Tuesday, January 8, 2019

February Event


Alois Lang, Master Woodcarver

by Tim Gleisner
Wednesday, February 20 – 7:00 p.m.
Library of Michigan – 702 W. Kalamazoo

Tim Gleisner, Head of Special Collections at the Library of Michigan, will be discussing the life and work of master woodcarver Alois Lang. Lang (1872-1954) was a Master Woodcarver at the American Seating Company and one of the artists responsible for bringing the medieval art of ecclesiastical carving to life in the United States.

Lang was born in Oberammergau, Bavaria, a town long known for its excellence in wood carving. He was apprenticed to his cousin Andreas Lang around the age of 14 and moved to the United States in 1890 at the age of 19. Lang first found work in Boston carving elaborate mantelpieces for Back Bay families. In 1903, Lang moved westward and joined the American Seating Company of Manitowoc, Wisconsin, moving with the firm to Grand Rapids, Michigan, in 1927. There Lang became well known as a prominent ecclesiastical woodcarver. In 1946 the Michigan Academy of Science, Arts, and Letters presented him with a special award for his contribution to art in Michigan.

Lang’s carvings can be seen in the following churches in Michigan: Christ Church, Cranbrook, Bloomfield Hills; National Shrine of the Little Flower, Royal Oak; Saint Paul’s Episcopal Church, Lansing; First (Park) Congregational Church, Grand Rapids; Grosse Pointe Memorial Church, Grosse Pointe; and Hope Church (Reformed Church in America), Holland.

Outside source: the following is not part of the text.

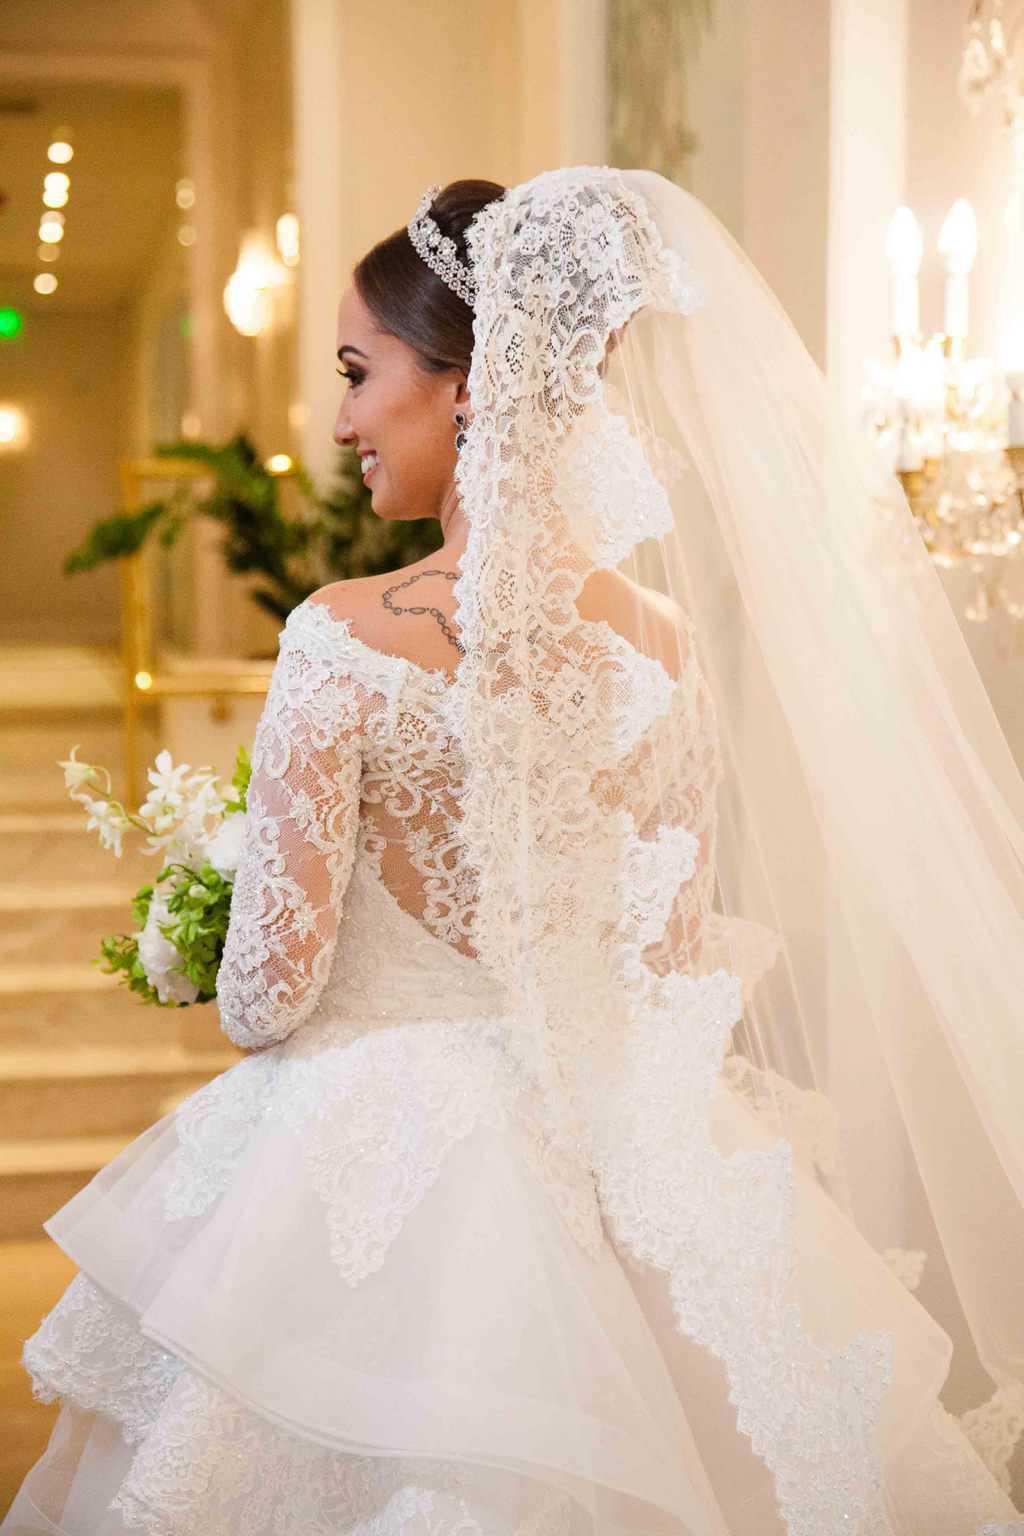 Casamento-Clássico-Casamento-tradicional-Copacabana-Palace-Monica-Roias-Poses-noiva-Ribas-Foto-e-Vídeo-Silvio-Cruz-Tuanny-e-Bernardo-CaseMe-4

  Outside of Michigan, Lang’s work is represented at: Rockefeller Chapel and Wicker Park Lutheran Church, Chicago, Illinois; Christ Episcopal Church, Ottawa, Illinois; The Emmanuel Lutheran Church, Rockford, Illinois; Christ Episcopal Cathedral, Salina, Kansas; Christ Church, Boston, Massachusetts; Church of the Incarnation, Great Falls, Montana; and All Saints Church, Pasadena, California.


Tim Gleisner has been Head of Special Collections of the Library of Michigan for the last year. Before that he worked as Head of Special Collections at the Grand Rapids Public Library for 12 years. During that time Tim became acquainted with Alois Lang and the furniture industry in Grand Rapids and West Michigan. Tim’s talk will delve into how master artists like Lang helped to create an image for the furniture industry of Michigan. Discover how this master woodcarver not only changed the religious art here in Lansing, but in Michigan as a whole.